Beside that I need to get the text extraction inference response In Raw Text
, Table data
and key value pairs
.
It is a great support! Thankyou @mukitmomin @knihit
You should be able to use the exact same logic as above to generate the token, and then make a GET request using the python requests library to the endpoint: /inferences/{caseId}/{documentId}/{inferenceType}
. The exact request and response schema can be obtained by exporting the API from ApiGateway as a swagger or openapi 3 file as well. Check the API reference in our implementation guide as well.
Below is a python function to make get requests, for example to get a specific case details:
def get_case(case_id: str = None):
if not case_id:
raise ValueError("`case_id` is required")
get_case_api = f"{REST_API_ENDPOINT}/case/{case_id}"
headers = {"Authorization": token, "User-Agent": USER_AGENT, "Content-Type": "application/json"}
response = requests.get(get_case_api, headers=headers)
return response.json()
Hi,
I tried hitting GET request using Lambda function as well as from python but in both getting same error. and in lambda function getting error
Why does the request say inferences/undefined
. The request for inferences should have the following REST resource path /inferences/{caseId}/{documentId}/{inferenceType}
. If you run the Developer Tools in the browser for the default deployment. You will be able to capture the appropriate structure.
On a side note, these clarifications are outside of the purview of the actual application. These are neither feature requests nor bugs in the application. I cannot guarantee that we will be able to clarify such issues in the future.
Actually Undefined is the user because we are not using authentication token and followed by the Inference type value.
Can you help me with some clear documentation or information then! Because it is quite difficult to find and their is no mention regarding how files are being organised and which file is for which purpose!
Thanks
All files are stored in S3 bucket.
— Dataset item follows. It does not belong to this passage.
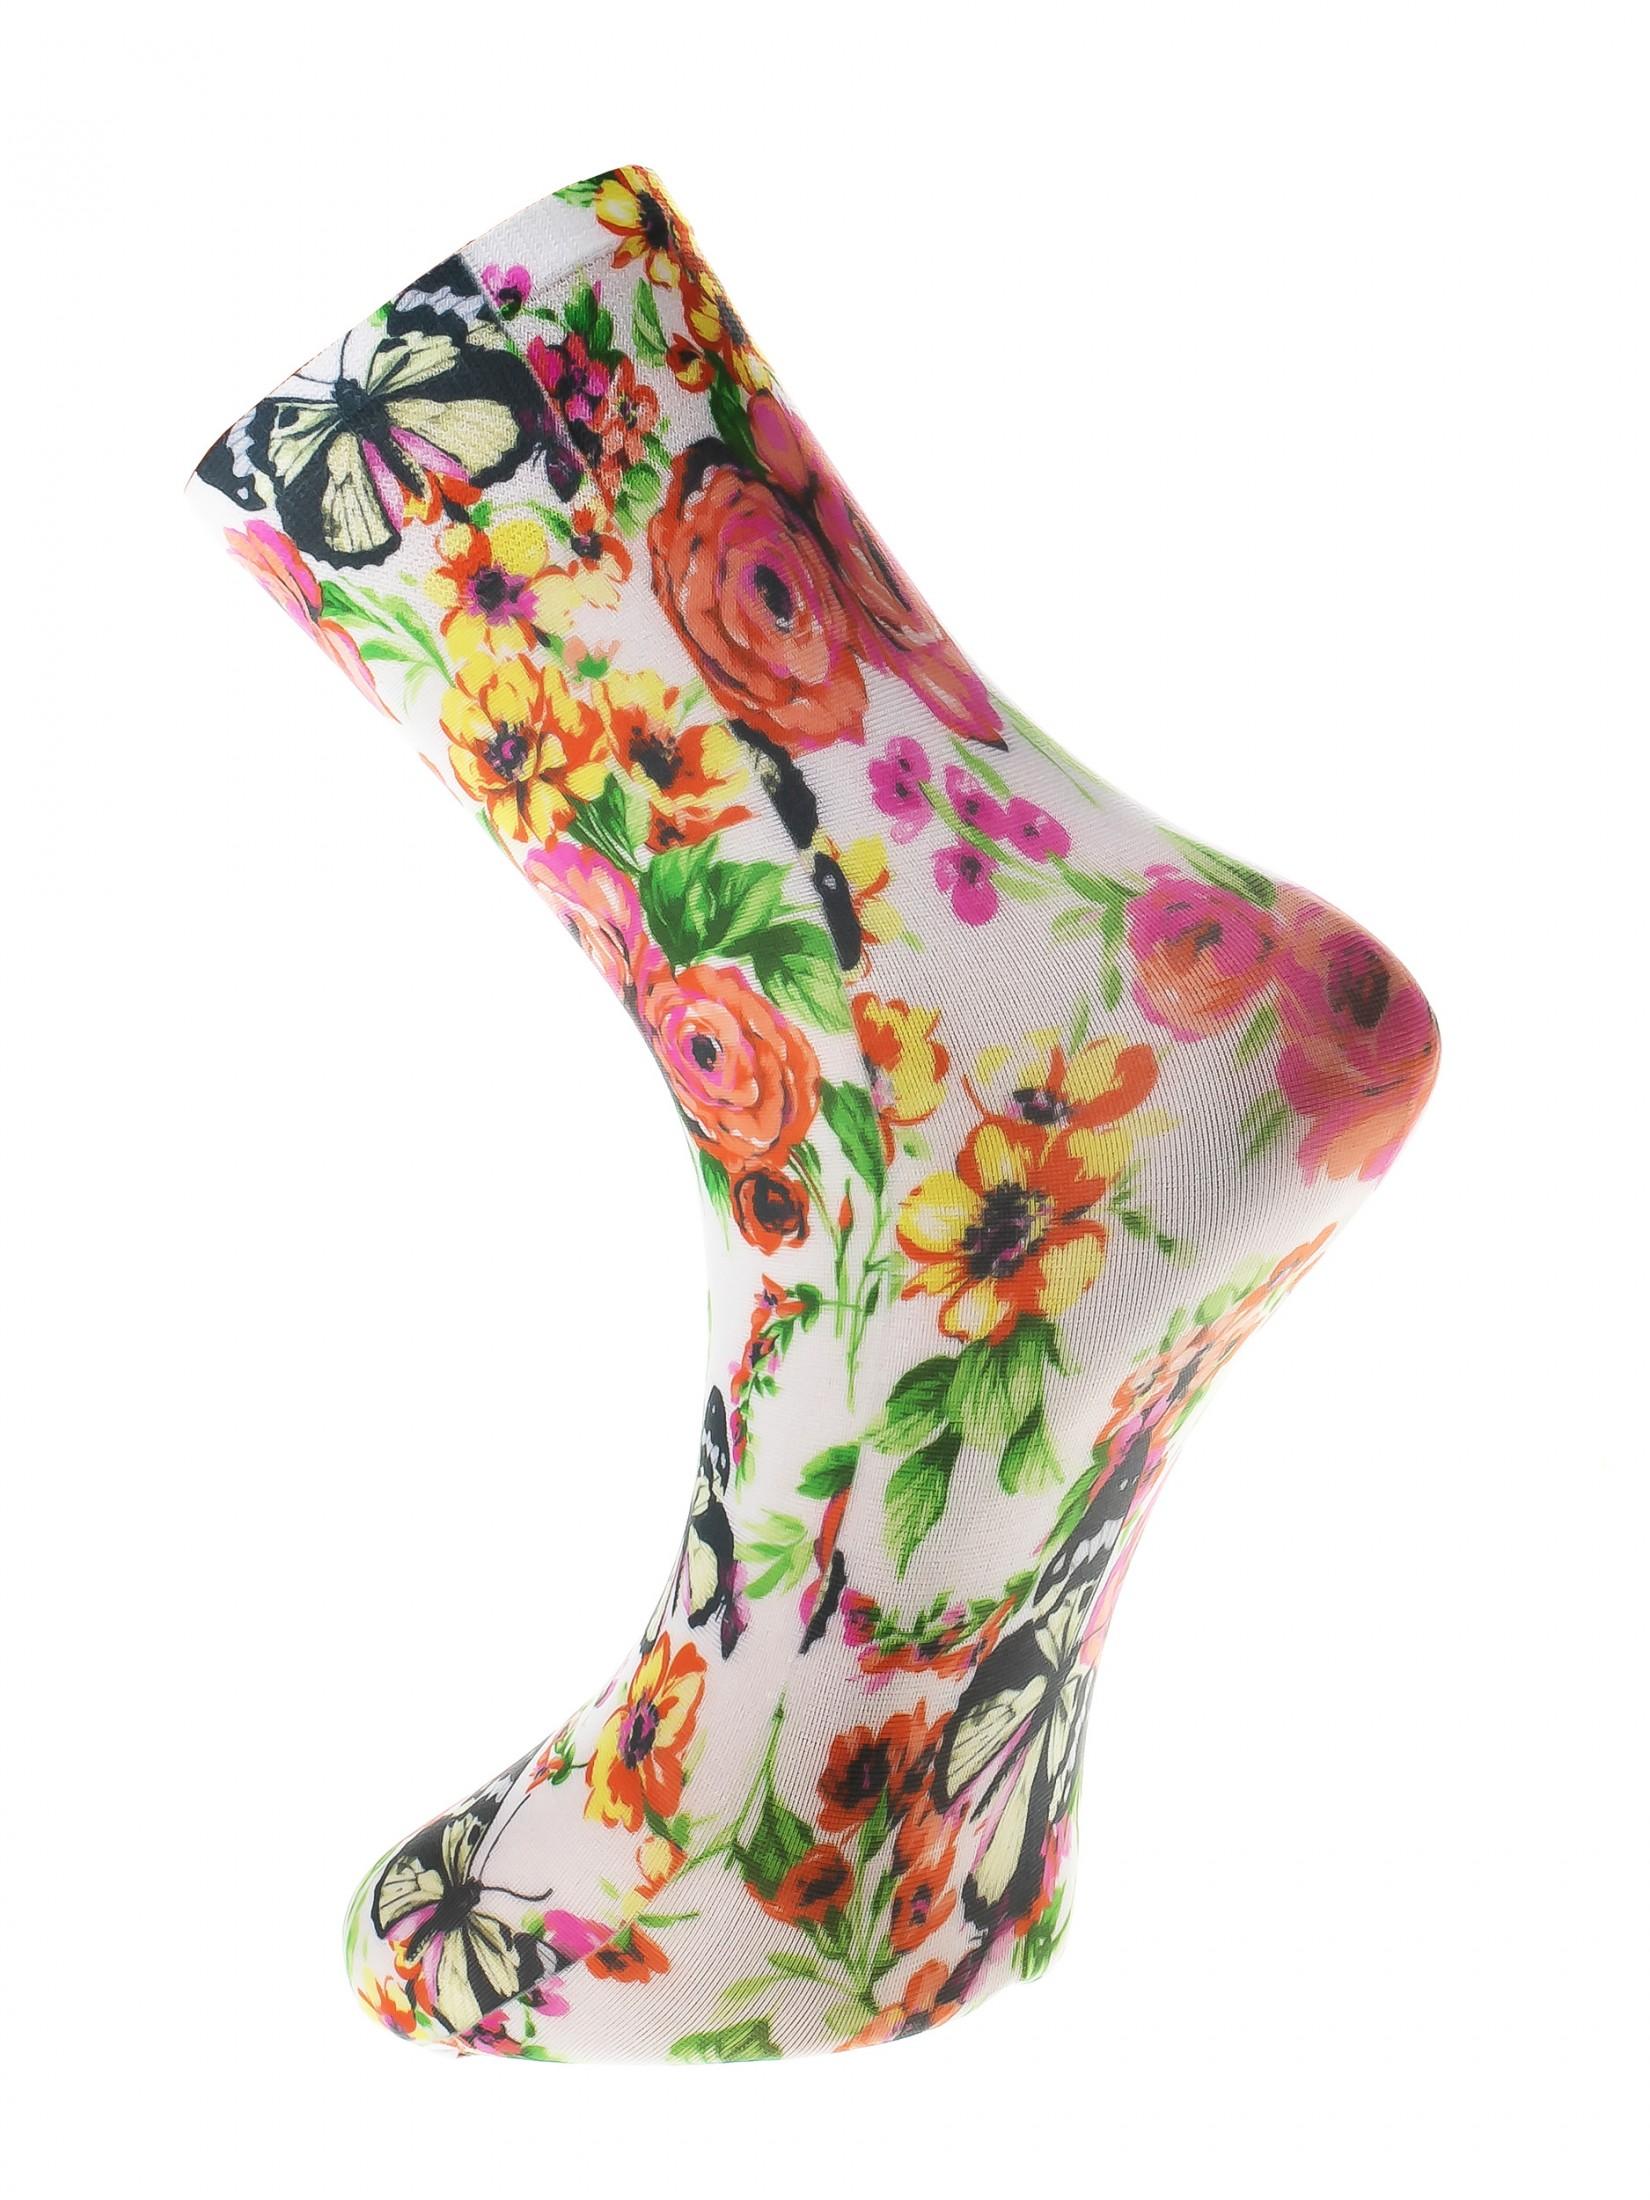 Носки женские Mademoiselle Tartu (c.) разноцветные UNICA

The location of the files is in a DynamoDB table. The cardinality is User
--> 0...N Cases
. Each Case
--> 0..N Documents
. So based on the case id, you can get the location of the documents and their inferences from the DynamoDB table.
You can also get more details on the architecture from the following guide - https://docs.aws.amazon.com/solutions/latest/enhanced-document-understanding-on-aws/solution-overview.html.
Closing this ticket. For any bugs, issues with the existing application, or feature requests, please feel free to open a new issue.
Hi @mukitmomin @knihit , I am opening this issue to check if the Request body for RestAPI got updated. Not able to find it but my previous code throughs me an error of Invalid Request Body.
def create_case(case_id: str = None):
if not case_id:
raise ValueError("`case_id` is required")
request_body = {
"caseName": case_id,
}
get_case_api = f"{REST_API_ENDPOINT}/case"
try:
region = "us-east-1" # Update this with your AWS region
service = "execute-api"
# Sign the request using AWS Signature Version 4
aws_auth = AWS4Auth(ACCESS_KEY,SECRET_KEY, region, service, session_token=session_token)
headers = {
"Authorization": f"Bearer {session_token}",
"User-Agent": USER_AGENT,
"Content-Type": "application/json"
}
# Send the request with authentication
response = requests.post(get_case_api,data=json.dumps(request_body), headers=headers)
# Check if the response was successful
if response.status_code == 200:
# Parse the JSON data from the response body
data = response.json()
case_id = data.get('caseId')
return case_id
else:
print(f"Error: {response.status_code} - {response.text}")
except NoCredentialsError:
print("AWS credentials not found or invalid.")
return None
When Passing a String case_id
due to which case not getting created and I am not able to use the service.
Hi, I am trying to hit /document api with the expected payload I found suing inspect in UI but not able to figure out how to send a file using postman for custom Non UI build. { caseId : "sm:b6485fe3-c6ef-4f01-86a4-f57d96e77adf" caseName : "XYZ" documentType:"generic" fileExtension:".pdf" fileName: "9159.pdf" tagging: "userId sm "
userId: "sm****"}
But not sure how to pass a file is it binary or form data and if it is form data then what is its key.